In the Standard Model, the masses of bosons are modified via interrelations with other bosons and fermions. This creates what are called ghost fields. Continually perturbing the ground state, matter radiates over these ghost fields, stirring up what has been termed quantum foam.
Boson-fermion interactions are called ghost fields because they are presumed to not exist. Ghost fields are instead treated as a computational tool: a mathematical necessity to maintain consistency in the Standard Model.
But then, ghost fields originate the virtual particles that appear 4d out of the ground state that comprises only vacuum energy. Virtual particles are now taken for granted as existing.
There is a paradox in granting virtual particles existence but considering their creator – ghost fields – to be a fictional construct.
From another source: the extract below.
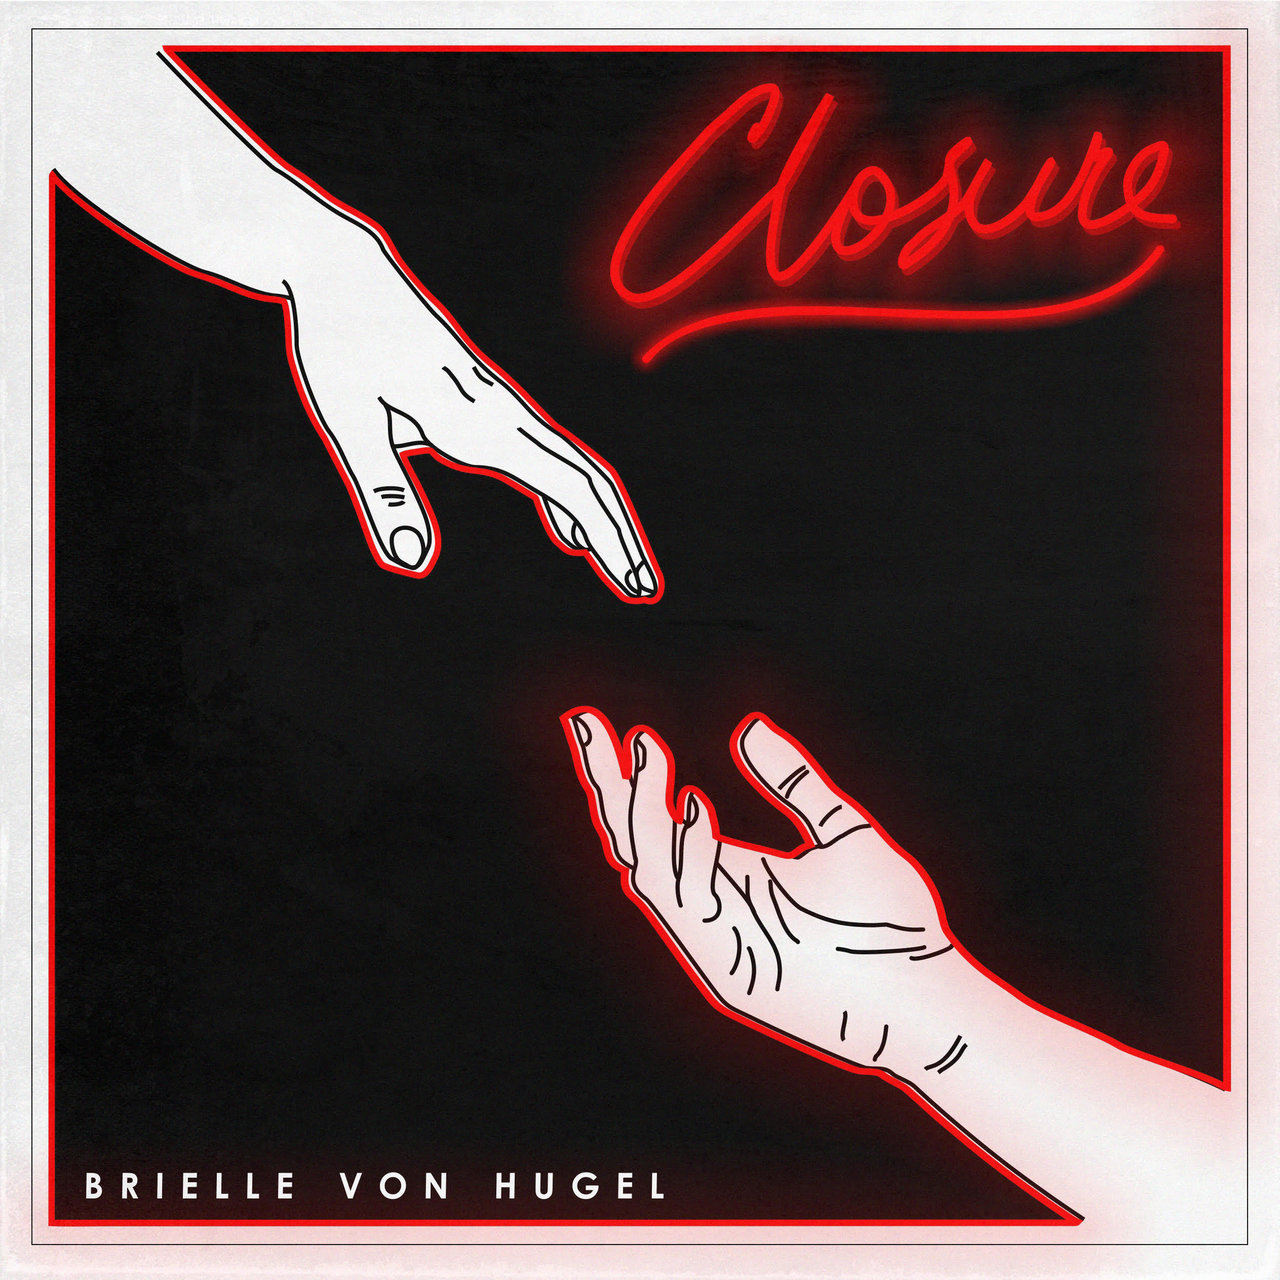 Brielle Von Hugel Closure cover artwork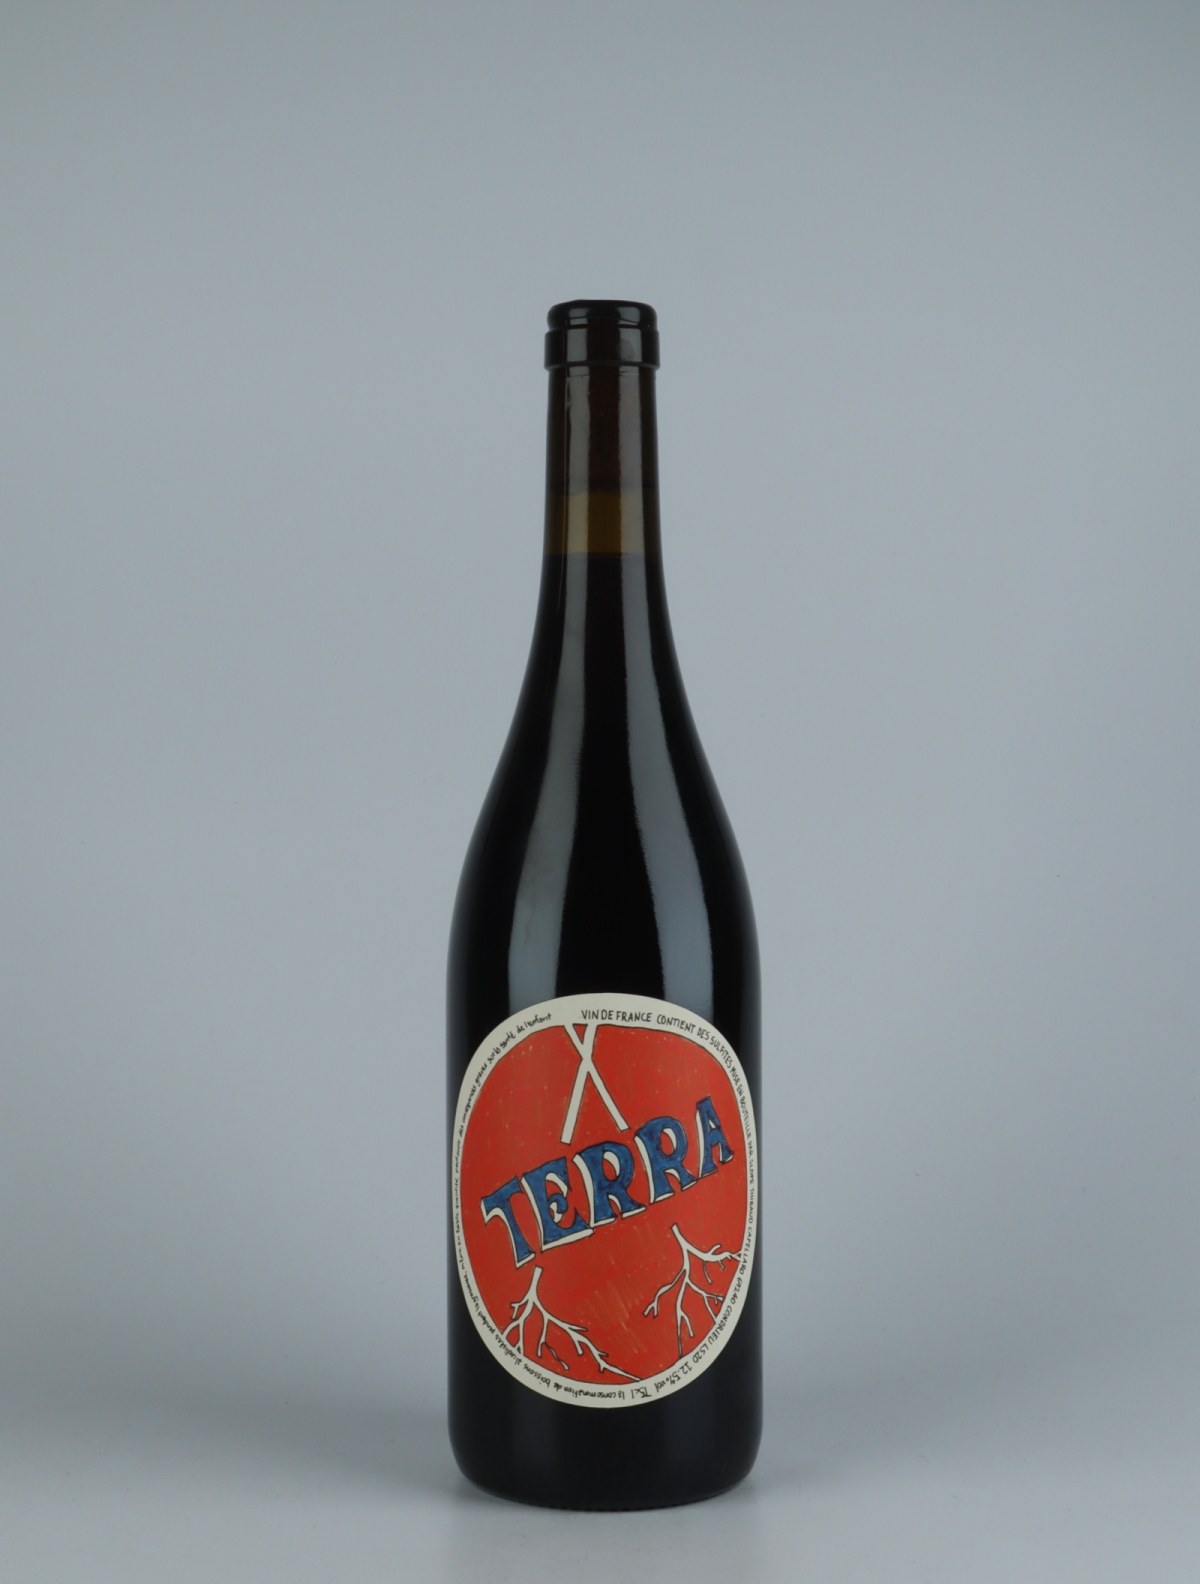 A bottle 2020 Terra Red wine from Slope, Rhône in France

It portrays the Standard Model as purely mathematical mumbo-jumbo, despite SM’s many points of convergence with actuality.
Ghost fields play a critical role in producing a loopy hierarchy of particles in SM, thus creating considerable complexity in the Standard Model construct. This hierarchy problem prompted theoretical physicists to derive a more elegant mathematical solution, called supersymmetry (SUSY).
Alas, several SUSY predictions are contradicted by evidence. For example, supersymmetry predicts that electrons have a slightly oval deformation, owing to their having an electric dipole moment, which has yet to be found. Instead, electrons are perfectly spherical.
Supersymmetry is not the only alternative to the Standard Model. Another – string theory – predates SM. While not mainstream, string theory and its offshoot, brane theory, have many adherents.